Общая доктрина классификатора 108 звуковых сигналов (фиг.1) изображена на фиг.5. Подход может быть описан следующим образом. Классификация звуковых сигналов осуществляется в три стадии в логических модулях 501, 502 и 503, каждый из которых распознает конкретный класс сигналов. Детектор 501 активности сигнала (SAD) распознает активные и неактивные кадры сигнала. Данный детектор 501 активности сигнала является тем же самым, что и детектор 103 активности сигнала, обозначенный на фиг.1. Описание детектора активности сигнала было произведено в предшествующем описании.The general doctrine of the classifier 108 of sound signals (figure 1) is depicted in figure 5. The approach can be described as follows. Classification of audio signals is carried out in three stages in logic modules 501, 502 and 503, each of which recognizes a specific class of signals. The signal activity detector (SAD) 501 recognizes active and inactive signal frames. This signal activity detector 501 is the same as the signal activity detector 103 indicated in FIG. The signal activity detector was described in the previous description.

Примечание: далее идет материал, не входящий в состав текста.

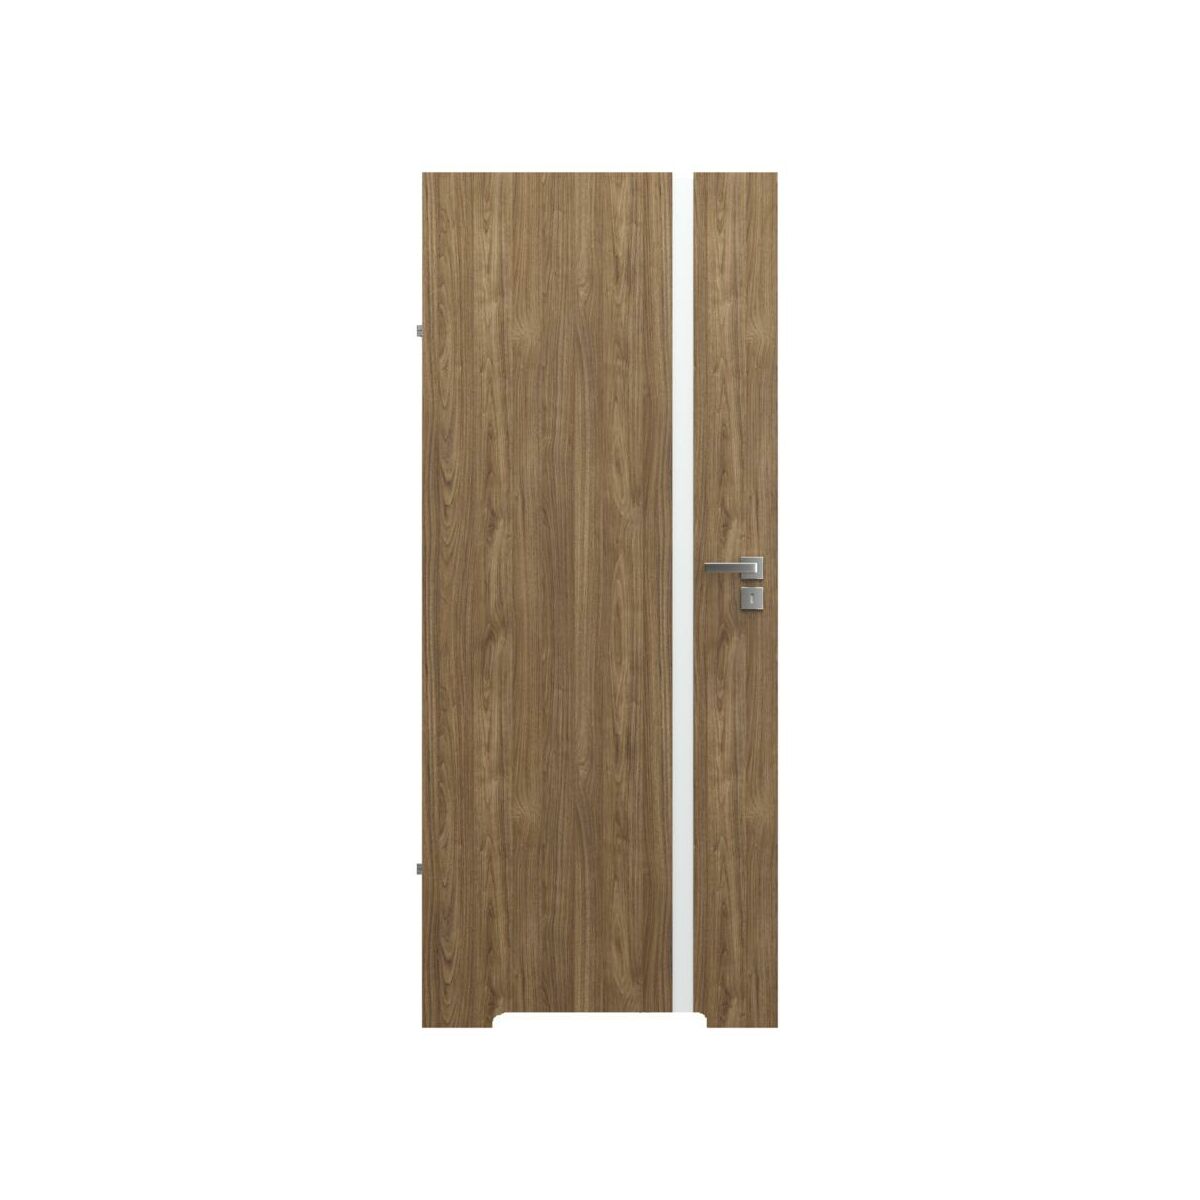 Drzwi wewnętrzne łazienkowe z podcięciem wentylacyjnym bezprzylgowe Focus 4A Orzech naturalny 70 Lewe Porta

Если детектор 501 активности сигнала обнаруживает неактивный кадр (сигнал фонового шума), цепь классификации завершается, и, если поддерживается прерывистая передача (DTX), модуль 541 кодирования, который может быть объединен с кодировщиком 109 (фиг.1), кодирует кадр с генерацией комфортного шума (CNG). В отсутствие поддержки DTX кадр продолжается в классификацию активных сигналов и чаще всего классифицируется как кадр невокализованной речи.If the signal activity detector 501 detects an inactive frame (background noise signal), the classification circuit ends, and if discontinuous transmission (DTX) is supported, an encoding module 541, which can be combined with encoder 109 (FIG. 1), encodes a frame with generation of a comfortable noise (CNG). In the absence of DTX support, the frame continues to the classification of active signals and is most often classified as a frame of unvoiced speech.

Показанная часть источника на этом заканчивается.